Футурология и плебисцит
Лифта не было, но теперь я уже думал, что это и к лучшему. Надо было взять передышку.
Куда я, собственно, рвусь?
Фигура Антипова вырастала в воображении, но смысл моего поиска становился все более неотчетливым. Вручу я ему дискету, которую у меня хотел изъять Варгафтик. И что? Конечно, преждевременное уведомление о кончине, кому же приятно? Он будет, допустим, даже благодарен. Но в таком случае, зачем он сам исчез? Я бы на его месте трубил на всех углах о своем благополучии, каждому встречному стремился предъявить себя. А вместо этого все ищут его. Но мне-то, какой прок бежать вместе с невидимой толпой?
Я даже содрогнулся, представив эту картину. К тому же, Тина и профессор находили в таком заочном совокуплении еще и опасность, и ощущение это постепенно начинало передаваться мне тем больше, чем туманней был его смысл. Теперь мне казалось, что и Тараблин сказал не всю правду о «Чертовом логове», а честный мальчик Алеша мерещился буквально в каждом лице, шпионил за мной и радовался, как интриган-неофит, что сумел заманить меня в западню.
Тут чувствовалась, как в шахматах, непостижимая для меня, но от этого не менее впечатляющая красота комбинации. Варгафтик, если сам не отправился за мной, то пустил кого-то по моему следу. То есть я, говоря юридическим языком, нахожусь в бегах. В бегах, иначе не скажешь, академик. Его, как и меня, ищут, а мы при этом оба ищем друг друга. Захватывающая интрига. Не хватает, правда, одной малости. Хотелось бы понять, ради чего затеял все это некий гроссмейстер и какой интерес ведет самих героев столь сложной композиции?
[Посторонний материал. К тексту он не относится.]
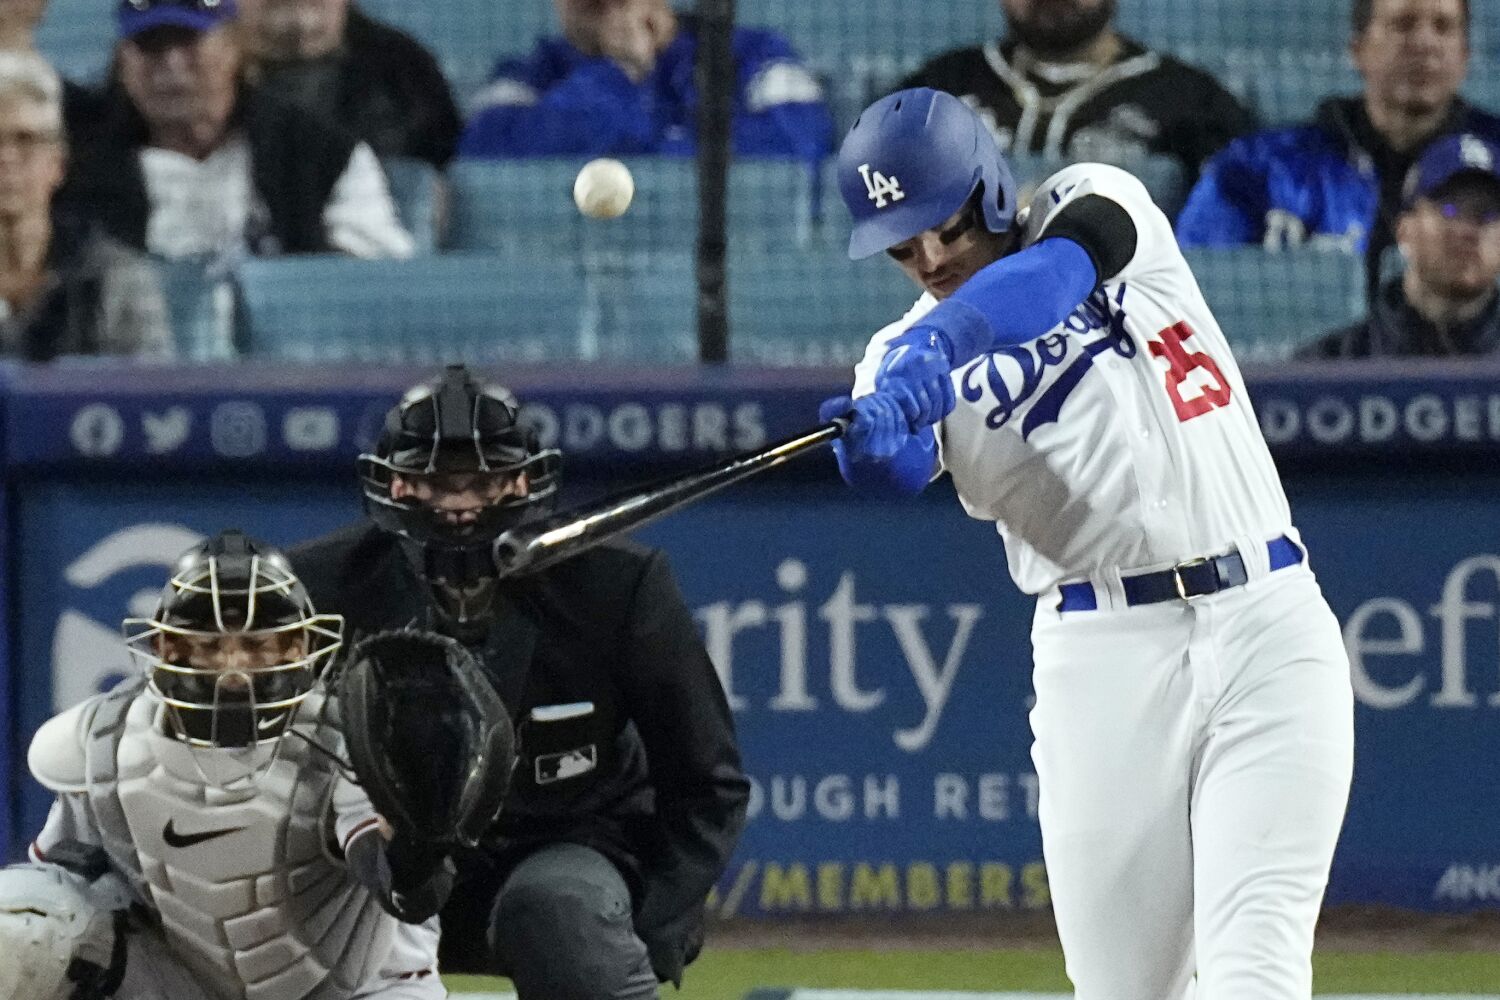 Trayce Thompson's three-homer game rekindles a confidence he never lost

Я все дальше уходил от событий того горестного воскресного утра, когда обнаружил, что меня нет и я больше не обременяю собой человечество. Только вот близкие, вопреки законам арифметики, к человечеству как будто не принадлежали. Даже после смерти я продолжаю наносить им обиду и держать в состоянии неопределенности. Уйди я с миром, и они спокойно предались бы скорби, находя повод для теплого юмора и неизрасходованной благодарности. Я лишил их законного права на воспоминания, сладкие угрызения совести и ретроспективное уточнение собственного имиджа. Даже самое легкомысленное и преступное существо подсознательно готовится к главной встрече и хочет выглядеть на ней прилично. Мое поведение нельзя было назвать благородным. Ведь если человек вышел за справкой, долг чести и правила гуманизма велят ему принести справку в дом. Вместо этого он снова, как птичка божья, отправляется за миражами. Я представил, как пытаюсь объяснить Лере смысл своего похода в катакомбы, и мне стало стыдно.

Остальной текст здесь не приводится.